Formatting the axes as percentages makes the data more interpretable for viewers. The custom color scale enhances the plot by visually distinguishing states based on the election outcome, making patterns and trends easier to detect.

Exercise 8: Adding Facets

Objective

Finally, we’ll use facets to create separate plots for each region. This allows us to compare trends across different parts of the country more effectively.

Instructions

Use facet_wrap(~ region) to create a separate plot for each region.

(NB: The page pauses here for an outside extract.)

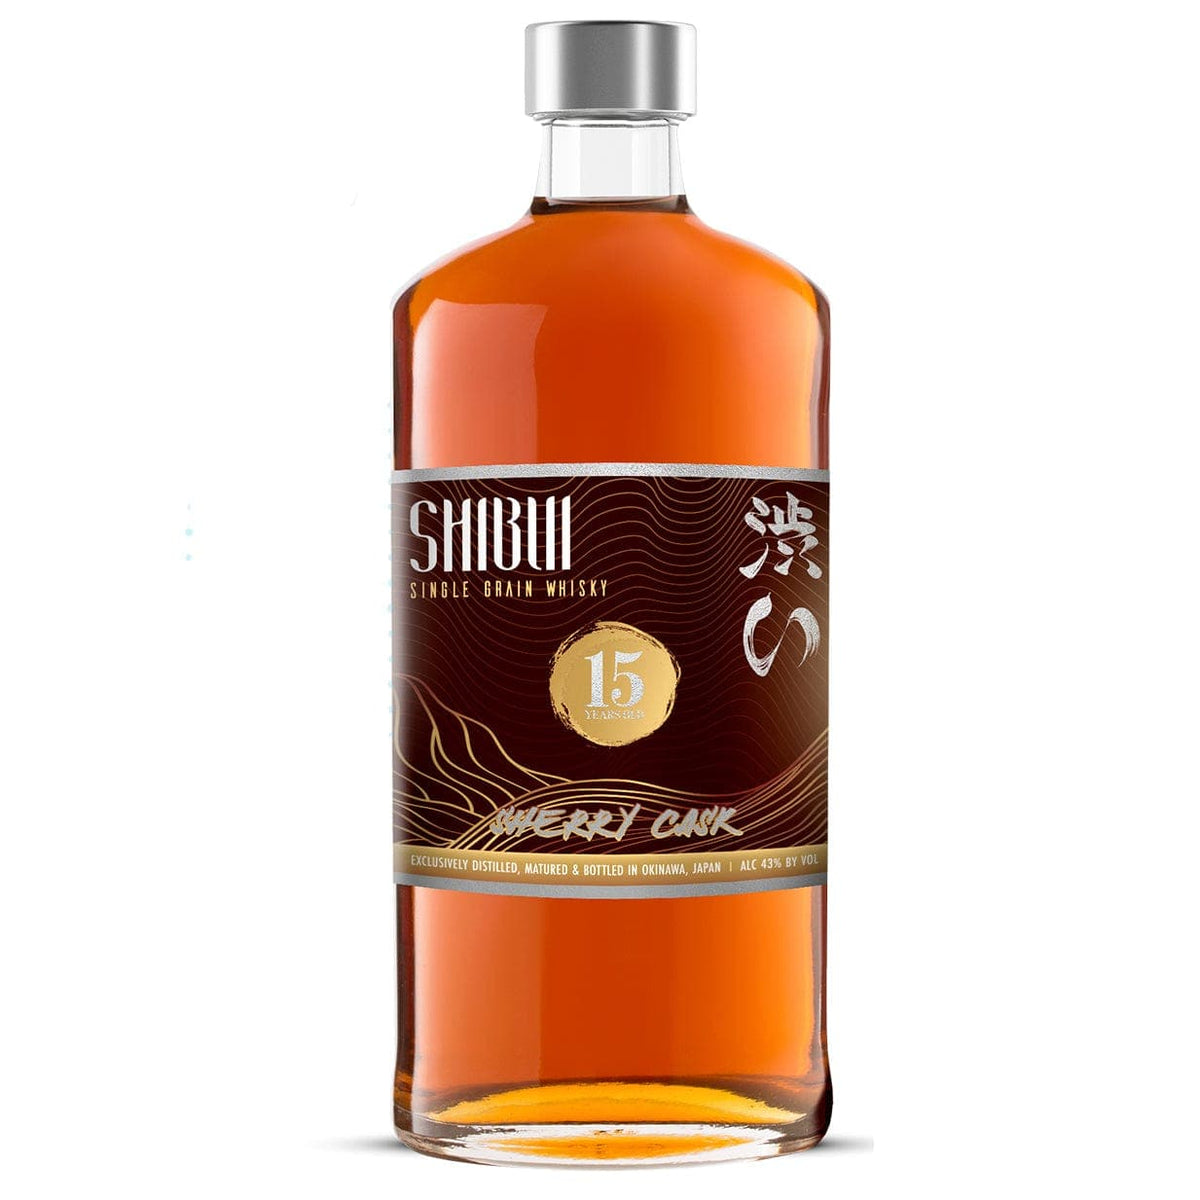 Shibui Sherry Cask 15 Year - Barbank

# Add facets to create separate plots by region.
election_filtered |> 
  ggplot(
    aes(
      x = percoled,
      y = trumpshare,
      color = trumpw
    )
  ) +
  geom_point() +
  geom_smooth(method = "lm", color = "black", se = FALSE) +
  geom_hline(yintercept = 0.5, linetype = "dashed", color = "grey") +
  geom_text(aes(label = state), vjust = -0.5, size = 3, show.legend = FALSE) +
  scale_x_continuous(labels = scales::percent) +  
  scale_y_continuous(breaks = seq(0,1,.2), labels = scales::percent) +
  scale_color_manual(labels = c("No", "Yes"), values = c("blue", "red")) +
  coord_cartesian(clip = "off") + # Ensure labels are not clipped
  facet_wrap(~ region) +          # Facet by region
  labs(
    title = "Trump Vote Share vs. College Education by Region",
    x = "Percentage with College Education",
    y = "Trump Vote Share",
    color = "Did Trump win the State?"
  ) +
  theme_minimal()
`geom_smooth()` using formula = 'y ~ x'

Explanation

Faceting allows us to see how the relationship between education and Trump’s vote share varies across different regions. This can reveal regional differences that might not be apparent when looking at the data as a whole.

Recap

In this session, we’ve progressively built a complex ggplot2 visualization, starting from a basic scatter plot and adding layers such as regression lines, reference lines, text labels, custom scales, and facets. Each step has added more depth to our understanding of the data, demonstrating the power and flexibility of ggplot2 for exploring relationships within data.